Sepedonium microspermum Besl, Zeitschrift für Mykologie 64 (1): 46 (1998)
Colonies on MEA medium reached 9-10 mm in diameter after seven days; colony surface was initially white, then became yellow after seven days with flat to velvet and zonate with abundant aleurioconidia, margin entire (Fig. 1). Conidiophores arising from aerial mycelium, macronematous, hyaline, septate, with single or 2-3 verticillate and slender phialides, (45-)59-66(-75) × (2-)3-4(-5) µm, apex 1-2 µm width; phialoconidia ovoid to fusiform, unicellular, smooth, (9-)11-13(-17) × (3-)4-6(-7) µm. Aleurioconidia on short side branches were yellow, globose, 8-14 µm diam., with angular tubercles; mycelium developing irregular spots and pustules; optimum growth at 25 ˚C.

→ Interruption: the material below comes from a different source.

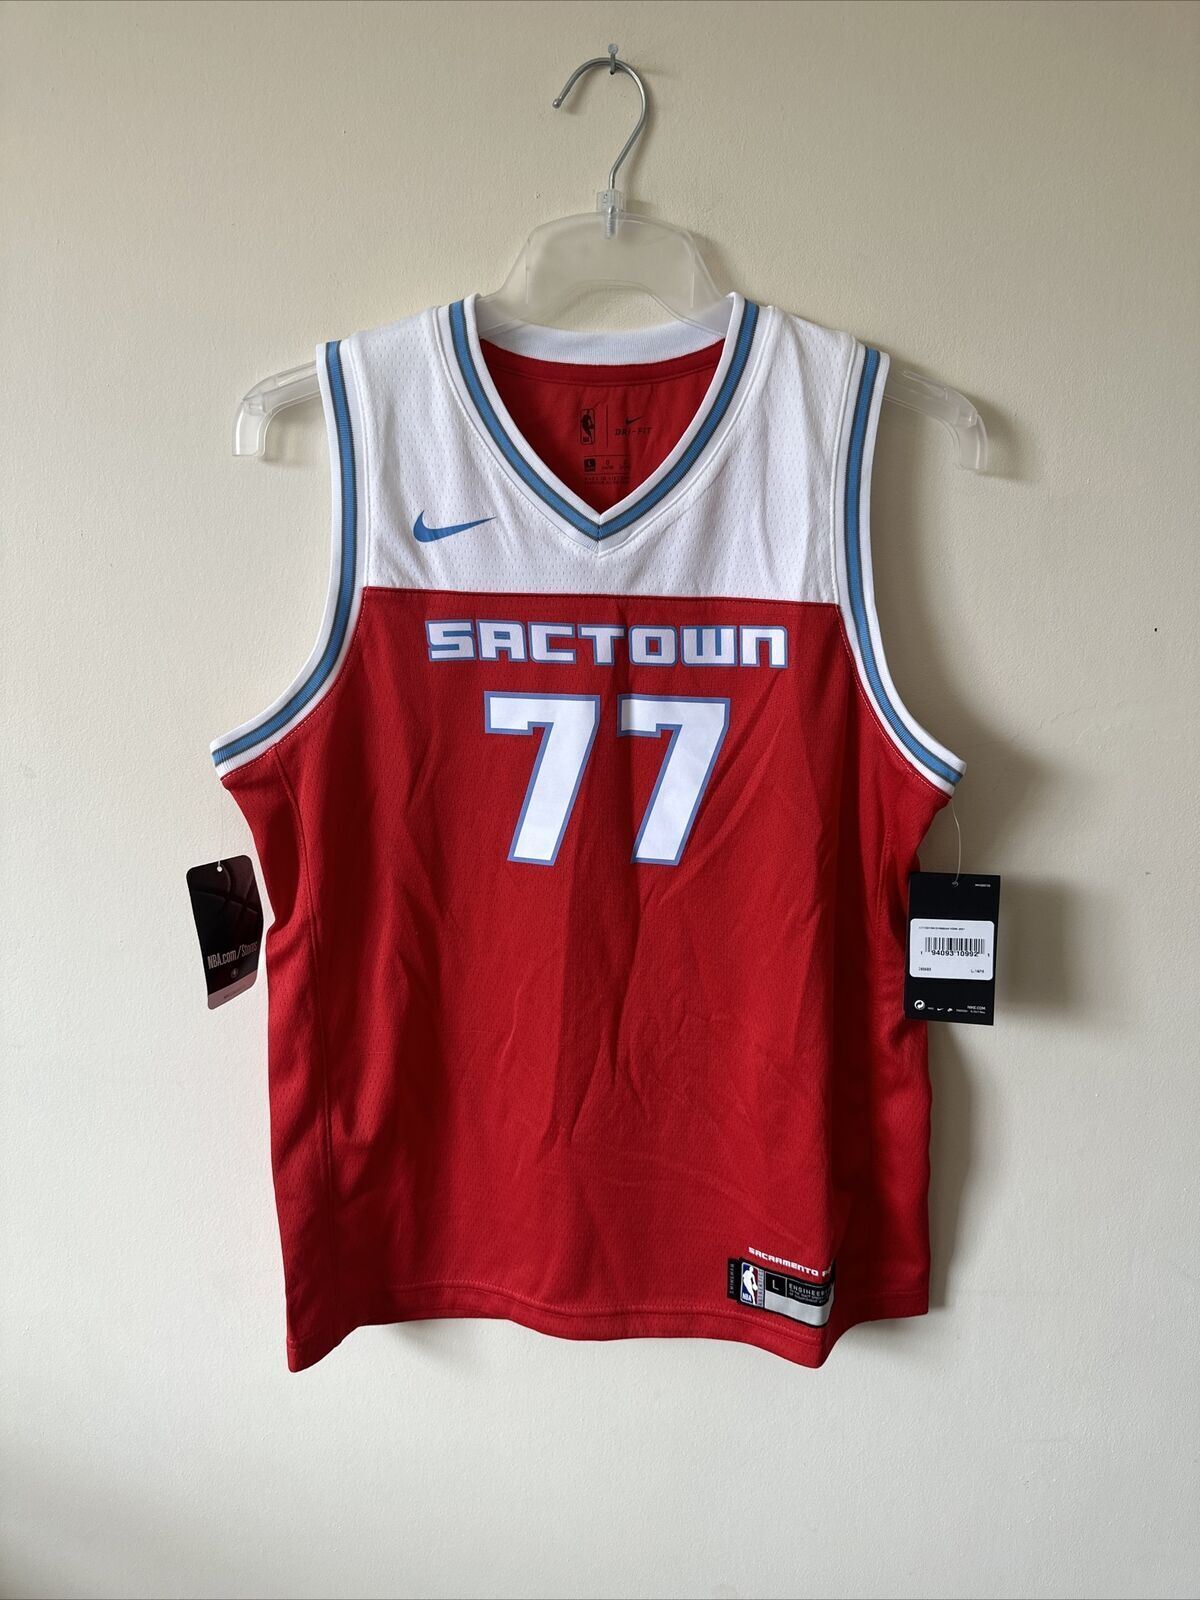 Nike NBA Sacramento Kings Swingman Jersey SCHRODER 77 Youth 12-13 Years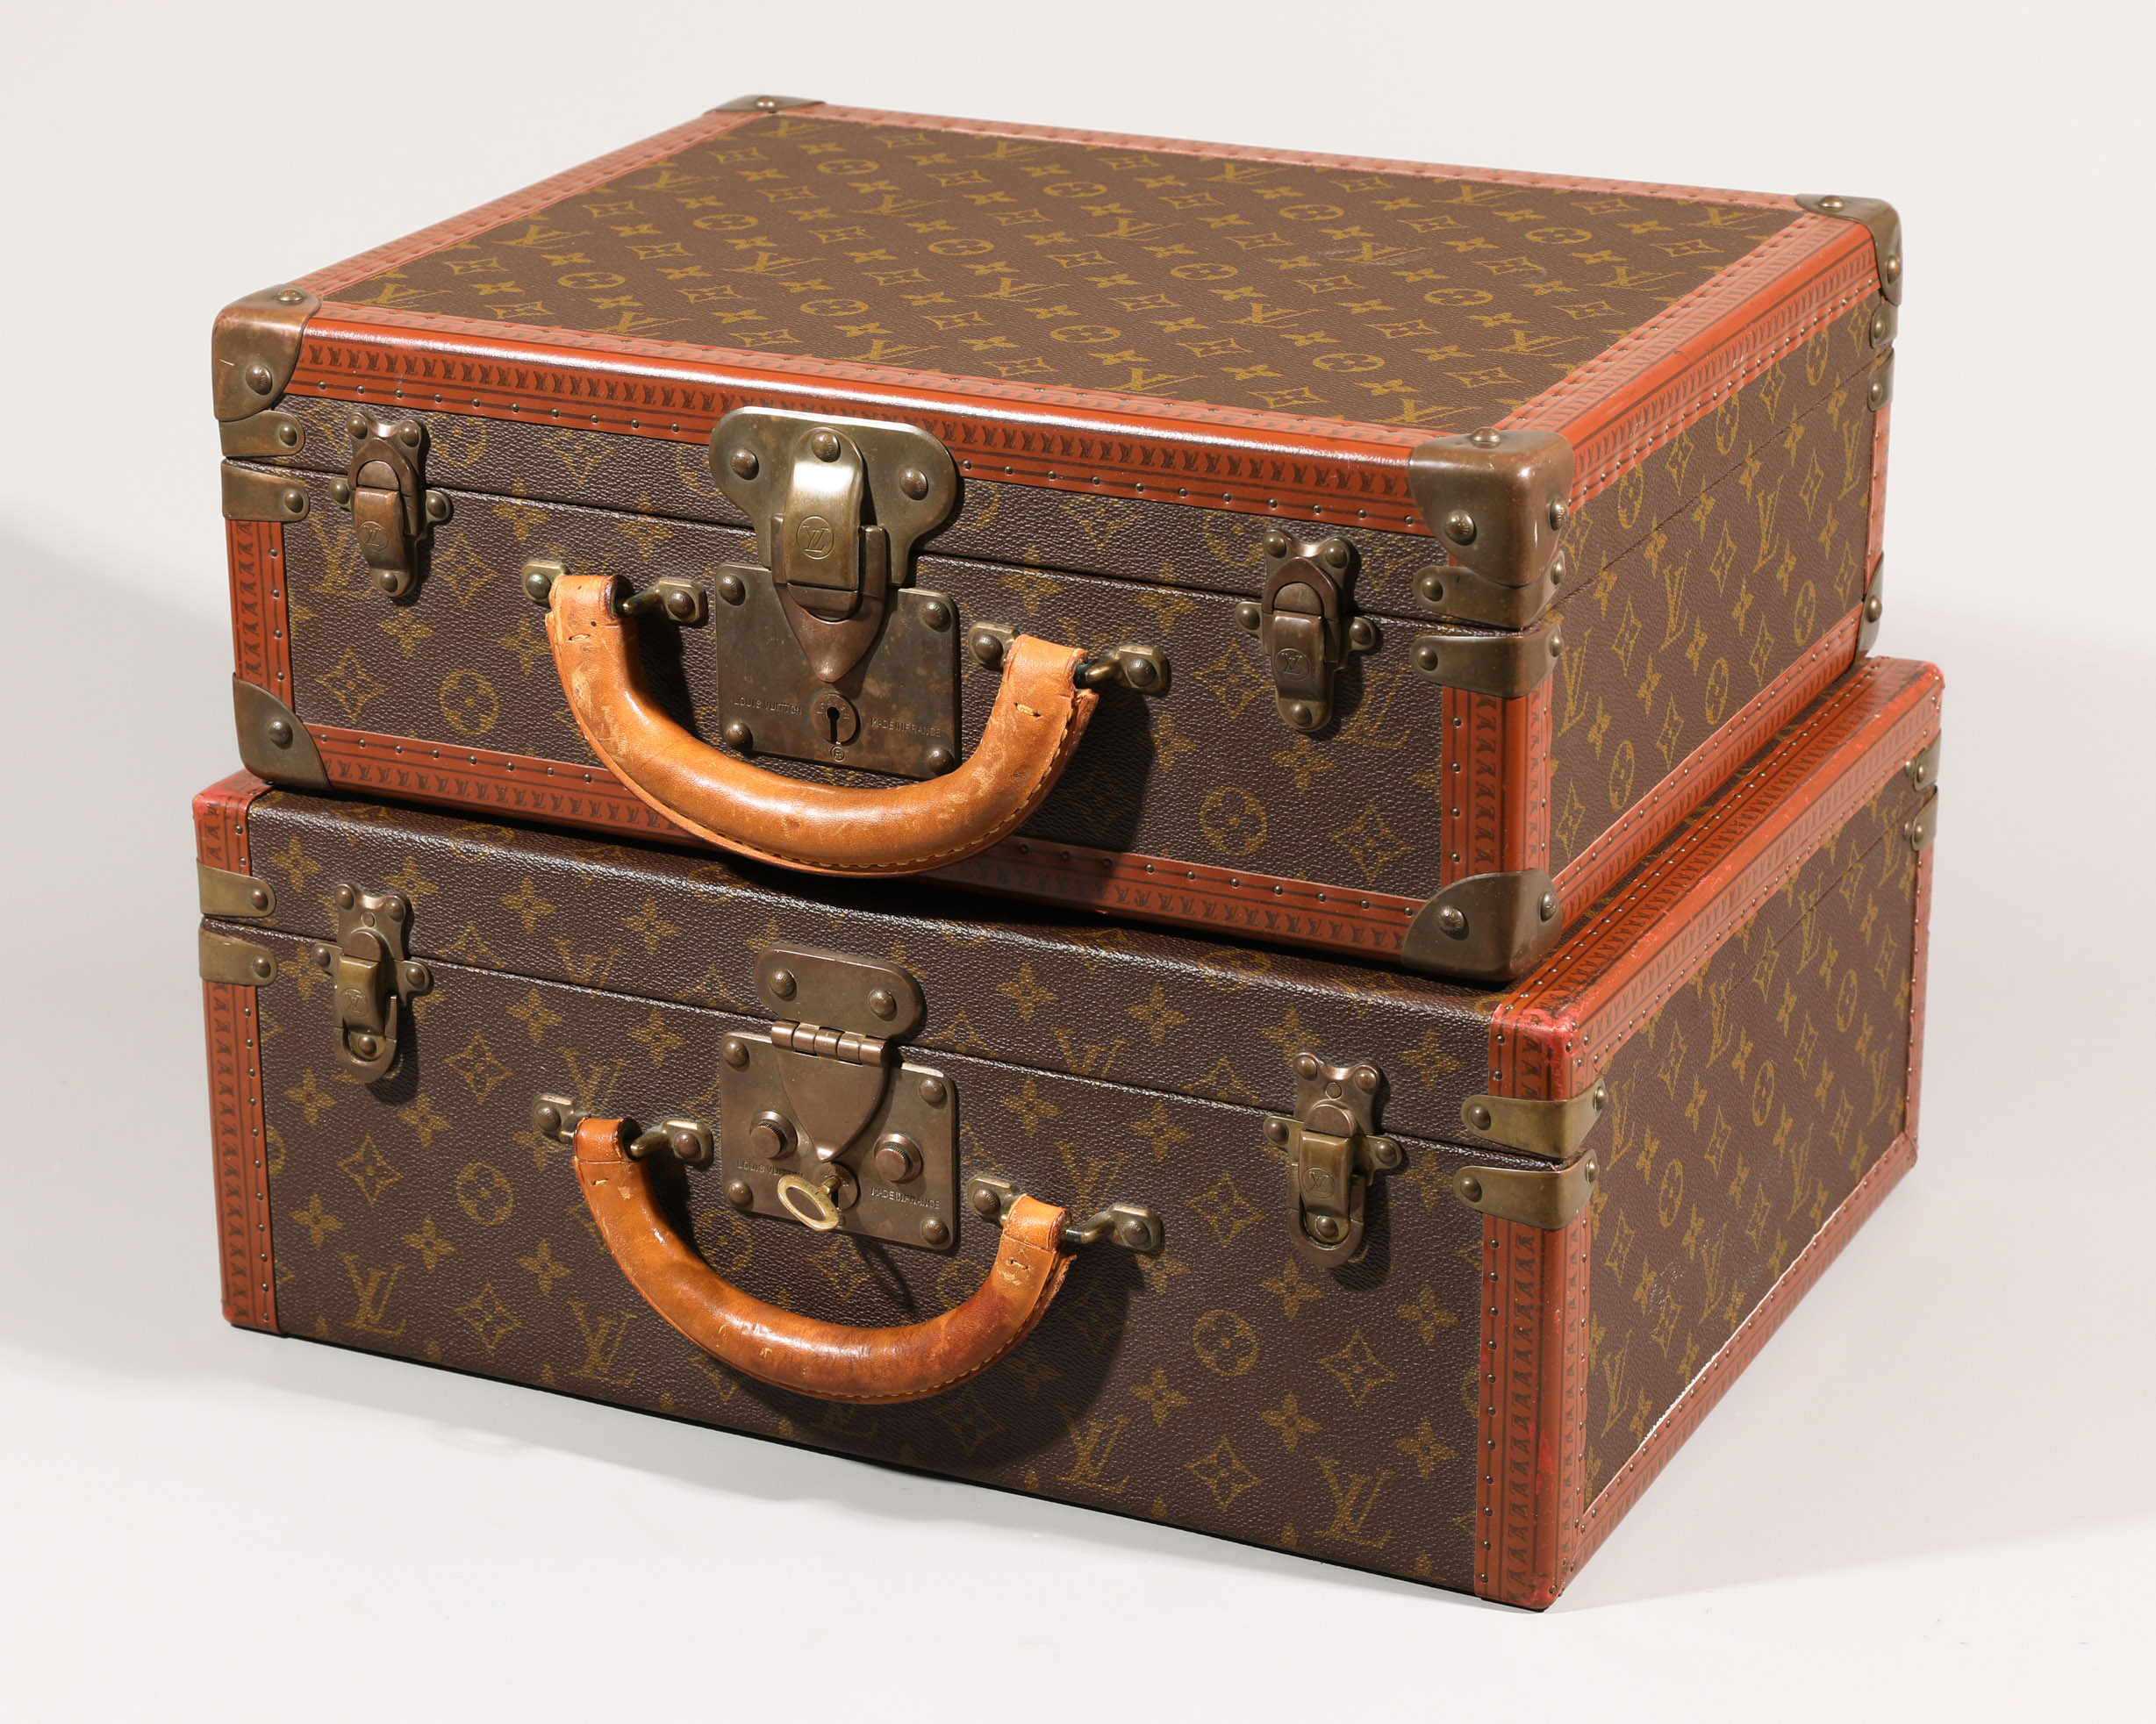 2 Louis Vuitton Suitcases, Model Rigid Alzer - Image 2 of 6

Our BLAST search of ITS sequence data against the nucleotide sequences at GenBank showed high similarity with S. microspermum. Because of low LSU sequence data, we did not include our LSU sequence (MH878229) in the phylogenetic analysis. A phylogeny inferred based on ITS sequence data obtained in this study together with 90 sequences from GenBank grouped our sequence along with S. microspermum (AF054847) as a reference sequence chosen by Kadri Põldmaa in 2014 (Nilsson et al. 2018) in a clade composed of S. microspermum collections from different hosts that are available in GenBank. Based on ITS phylogeny, four species clades could be recognized within S. microspermum isolates which might represent additional cryptic species in S. microspermum. However, analysis of additional isolates and more genomic loci are required to address this question (Valdez & Douhan 2012). Sepedonium microspermum has been described only recently and is well characterized by smaller aleurioconidia and more distinctive tubercles than S. chrysospermum (Besl et al. 1998). Sepedonium microspermum has been linked to Hypomyces microspermum; however, in the present study, the sexual state was not observed. This species has a worldwide distribution and is currently known from a diverse range of substrates including soil, plant materials and other fungi (Arellano-Galindo et al. 2017).
Additional material examined: Iran, East Azerbaijan province, the campus of the University of Tabriz, on Xerocomus sp., April 2016, M. Torbati (CCTUMO14=TuXe1)
Fig. 1. Sepedonium microspermum. a. 7-d-old colony on MEA; b-d. Conidiophores and conidia; e-h. aleurioconidia. Scale bar — b-h = 10 μm.
Fig. 2. Bayesian inference phylogenetic tree of Sepedonium microspermum generated using sequences of the internal transcribed spacer (ITS-rDNA). The representative strain CBS 141557 in this study is bolded in blue. The values above branches show Bayesian posterior probability. The scale bar indicates the number of expected substitutions per site. Hypomyces aurantius (MH858568) was used as the out-group
This project was supported by the Research Deputy of the University of Tabriz, Iran.